▶ TASK TO CARRY OUT
In the copy, keep every line below as it is and leave out the pictures.

▶ DATA BELOW
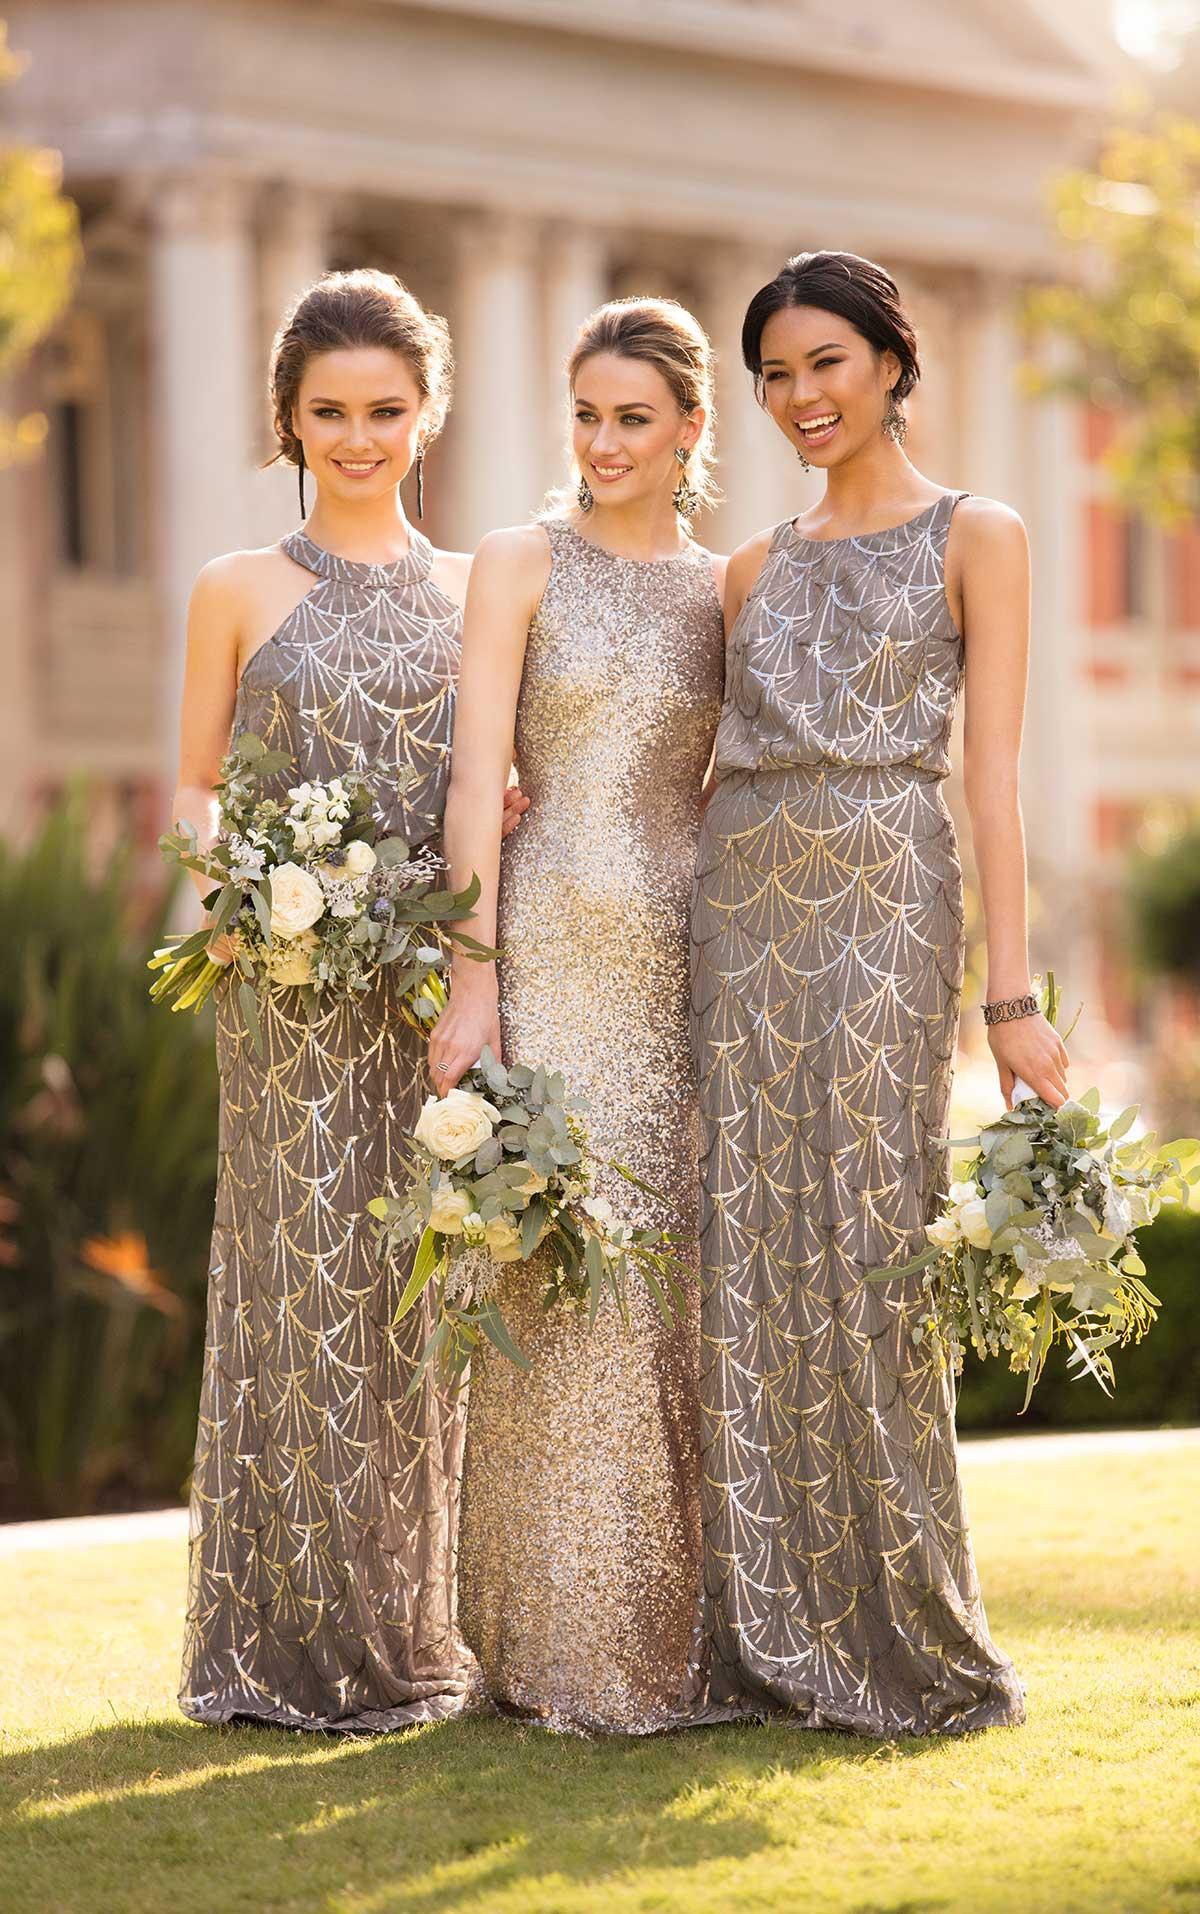 10 Beautiful Bridesmaid Dress Trends for 2018 Weddings ...
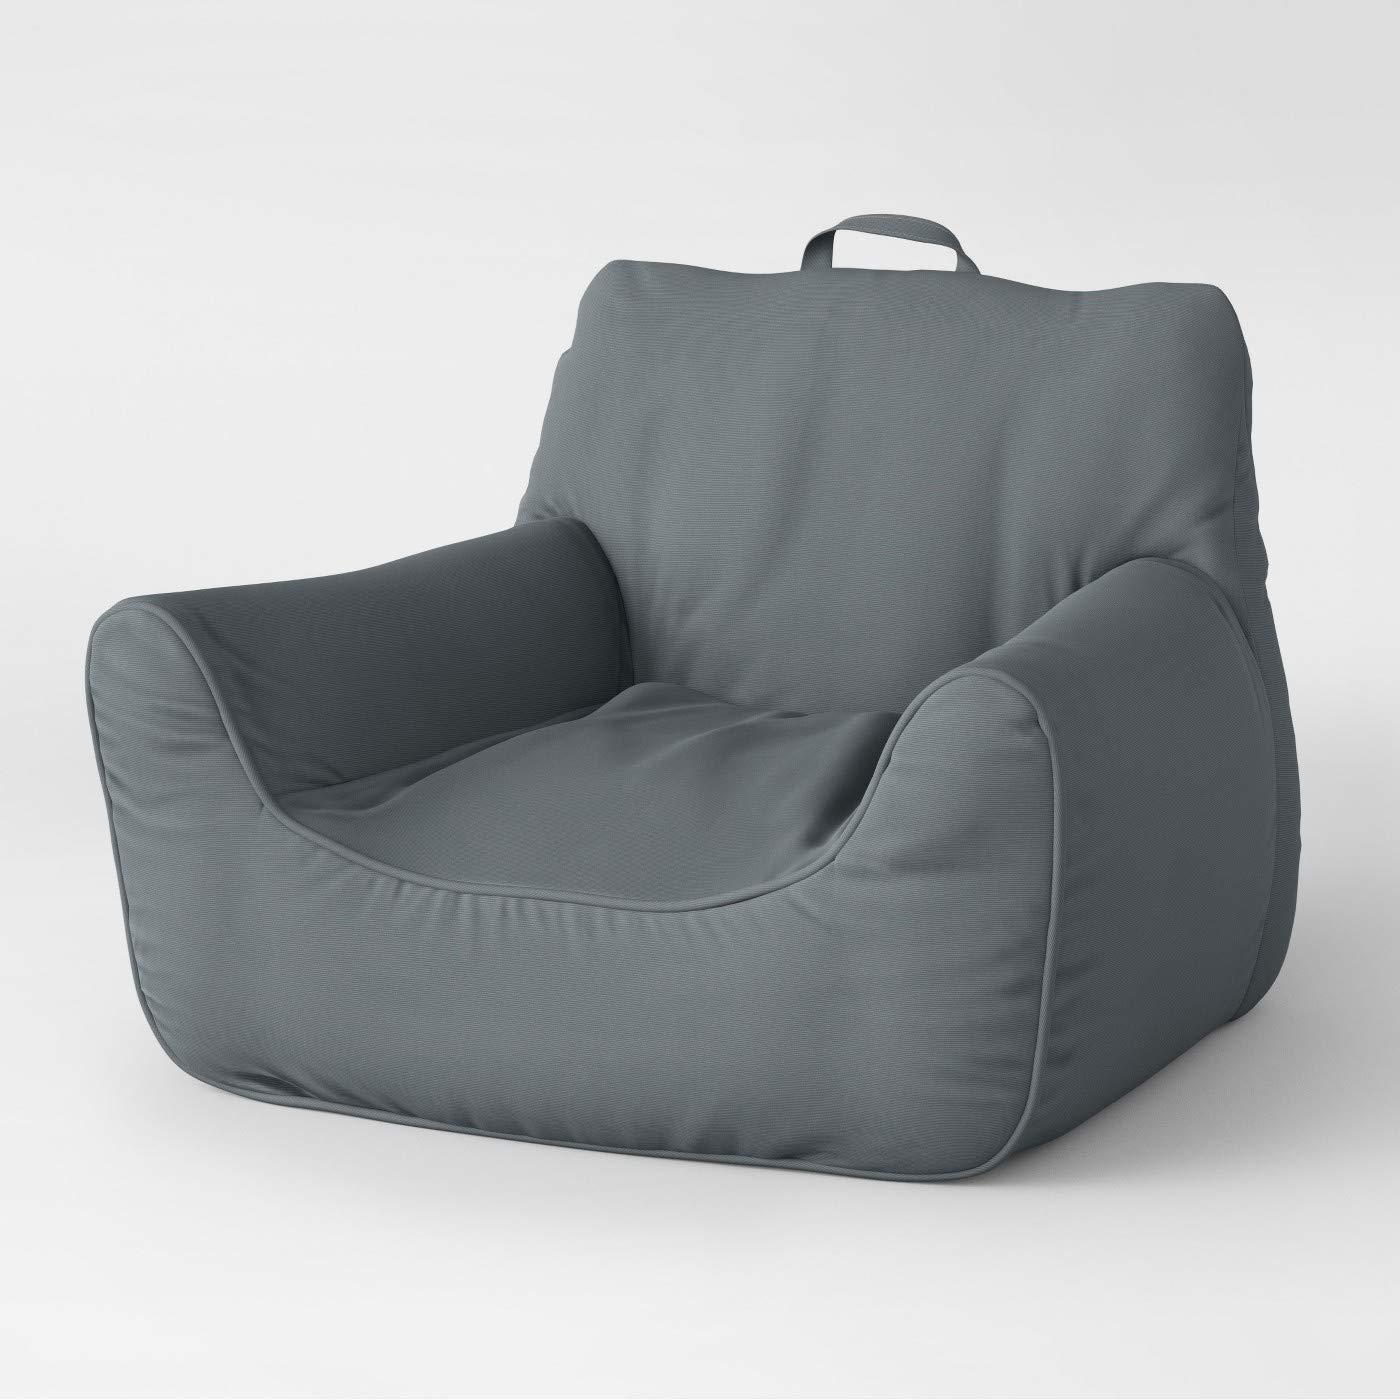 Excellent Amazon Com Pillowfort Gray Structured Large Bean Bag Chair Machost Co Dining Chair Design Ideas Machostcouk
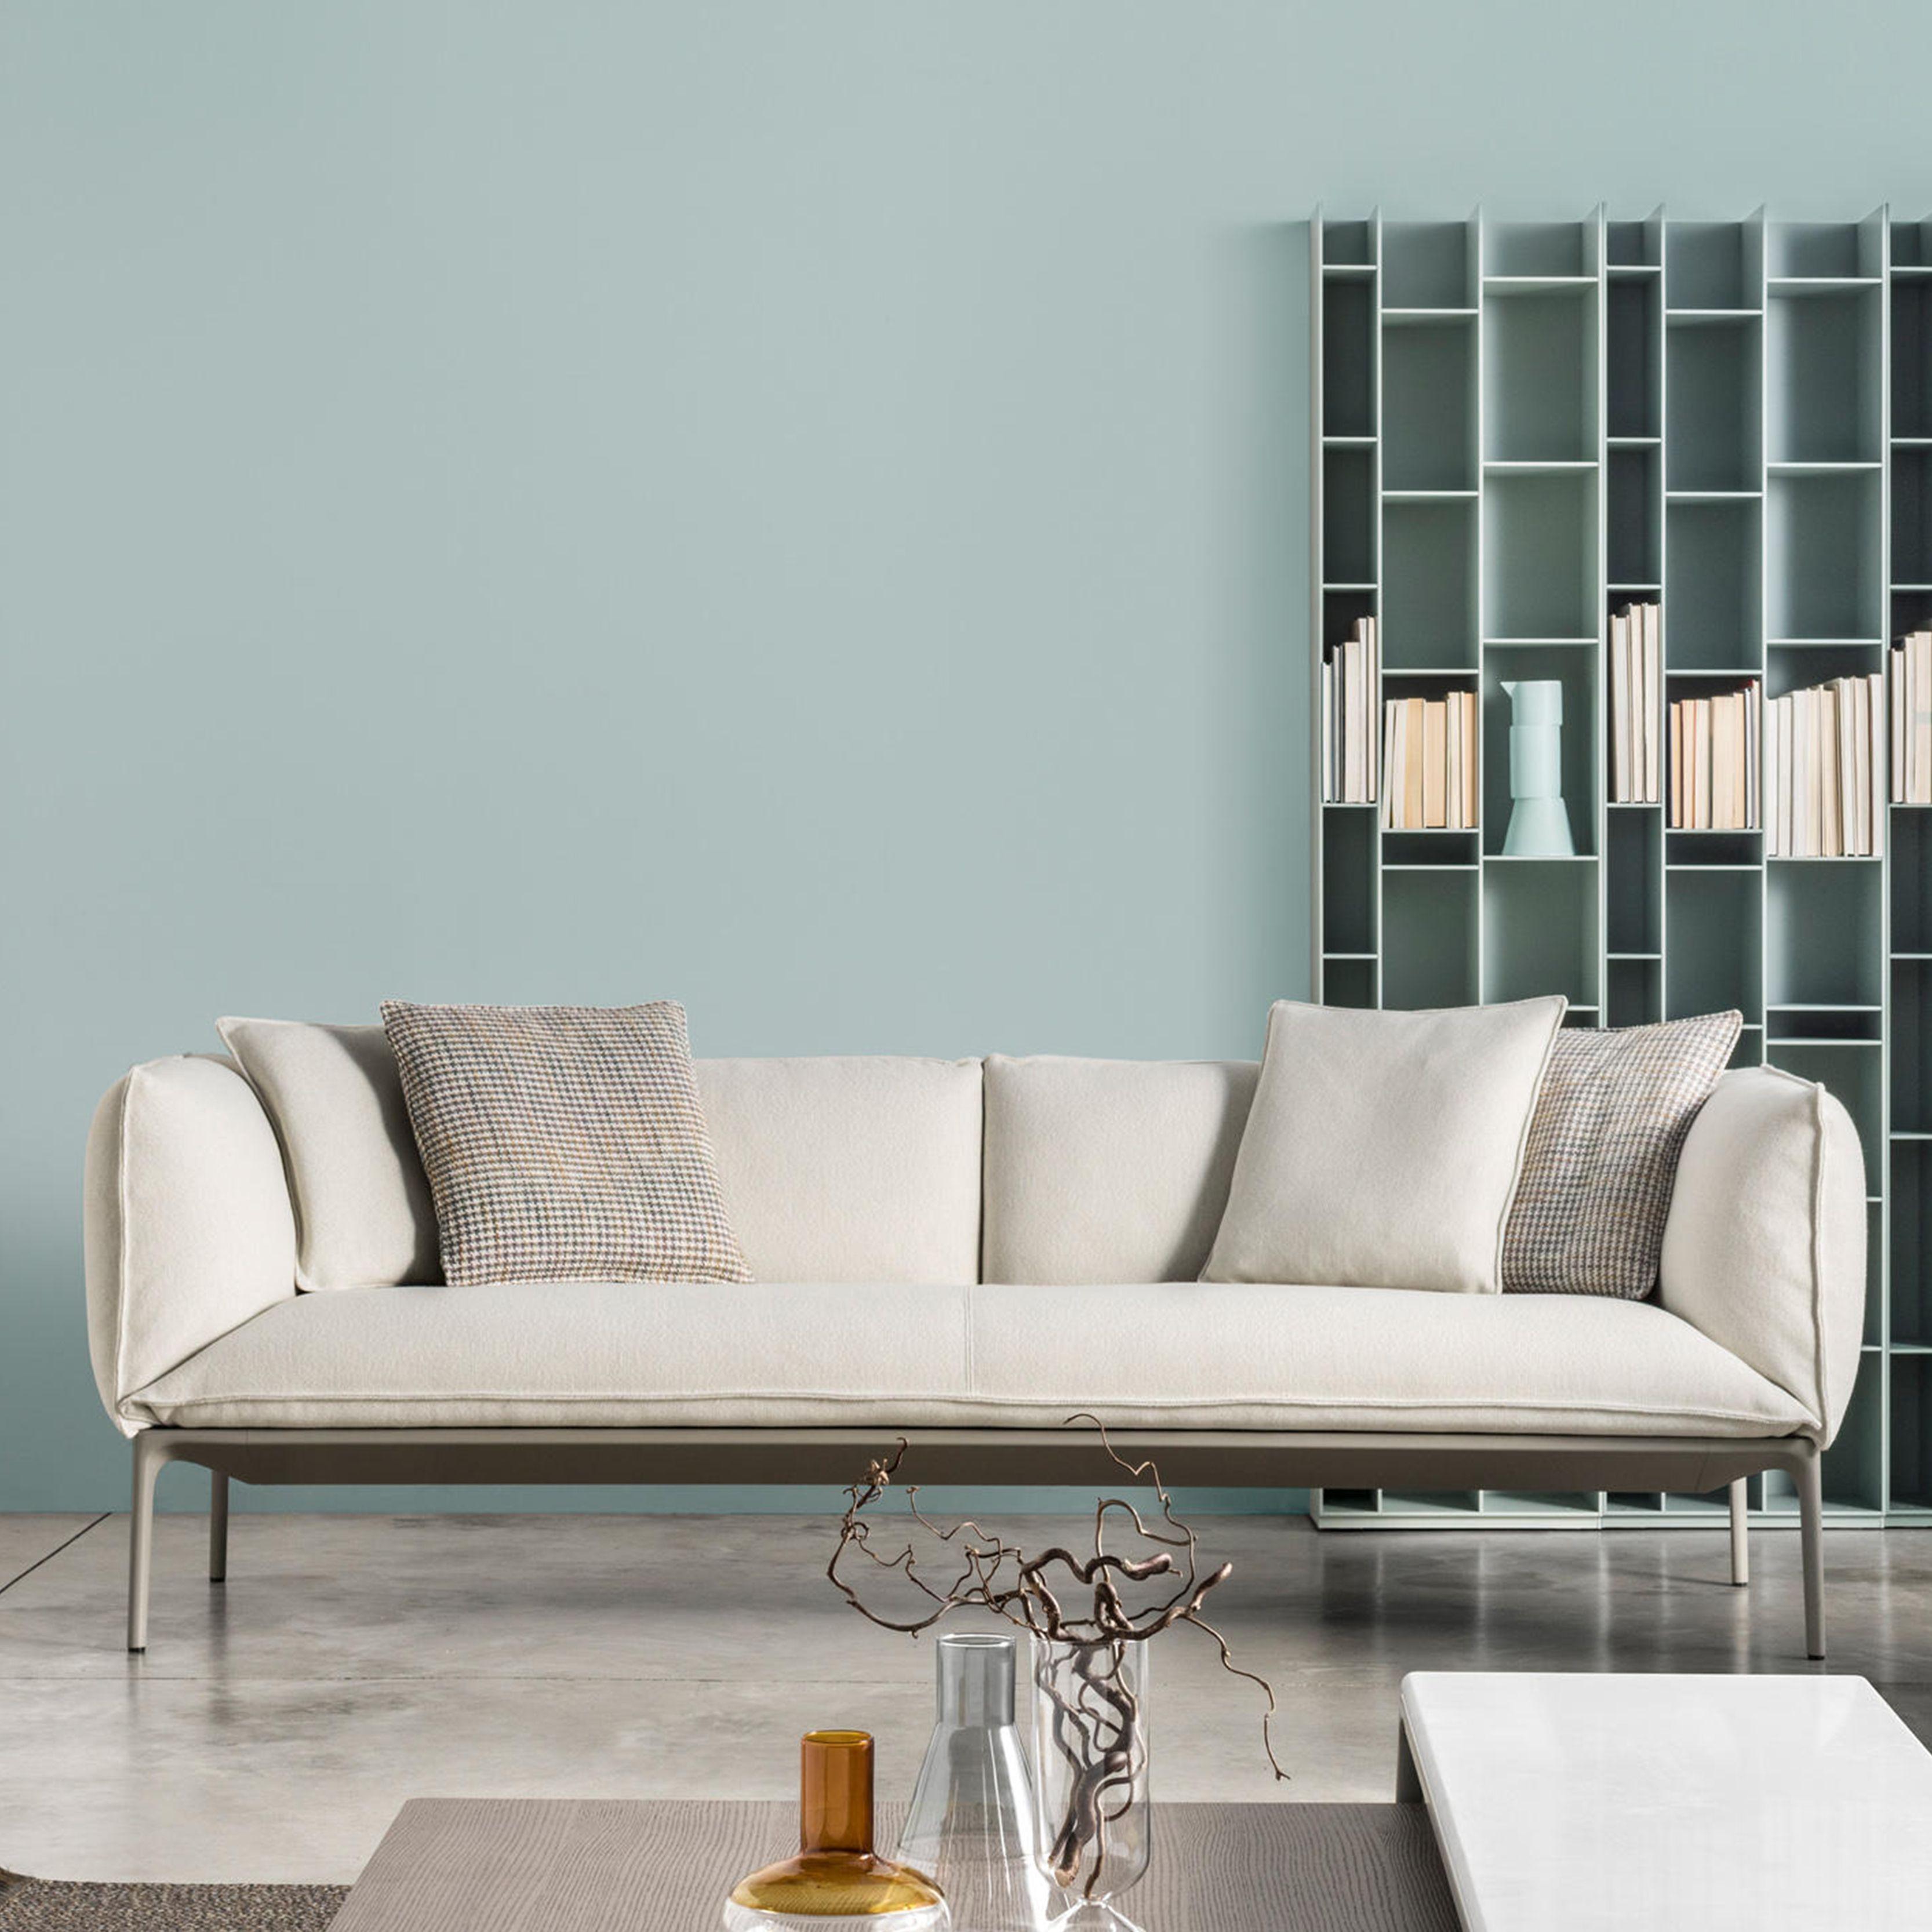 Luxury And Premium Italian Furniture Brands In India Premium And Luxury Italian Furniture Brands Italian Furniture Brands Luxury Italian Furniture Furniture

▶ EXERCISE OUTPUT
 10 Beautiful Bridesmaid Dress Trends for 2018 Weddings ...
 Excellent Amazon Com Pillowfort Gray Structured Large Bean Bag Chair Machost Co Dining Chair Design Ideas Machostcouk
 Luxury And Premium Italian Furniture Brands In India Premium And Luxury Italian Furniture Brands Italian Furniture Brands Luxury Italian Furniture Furniture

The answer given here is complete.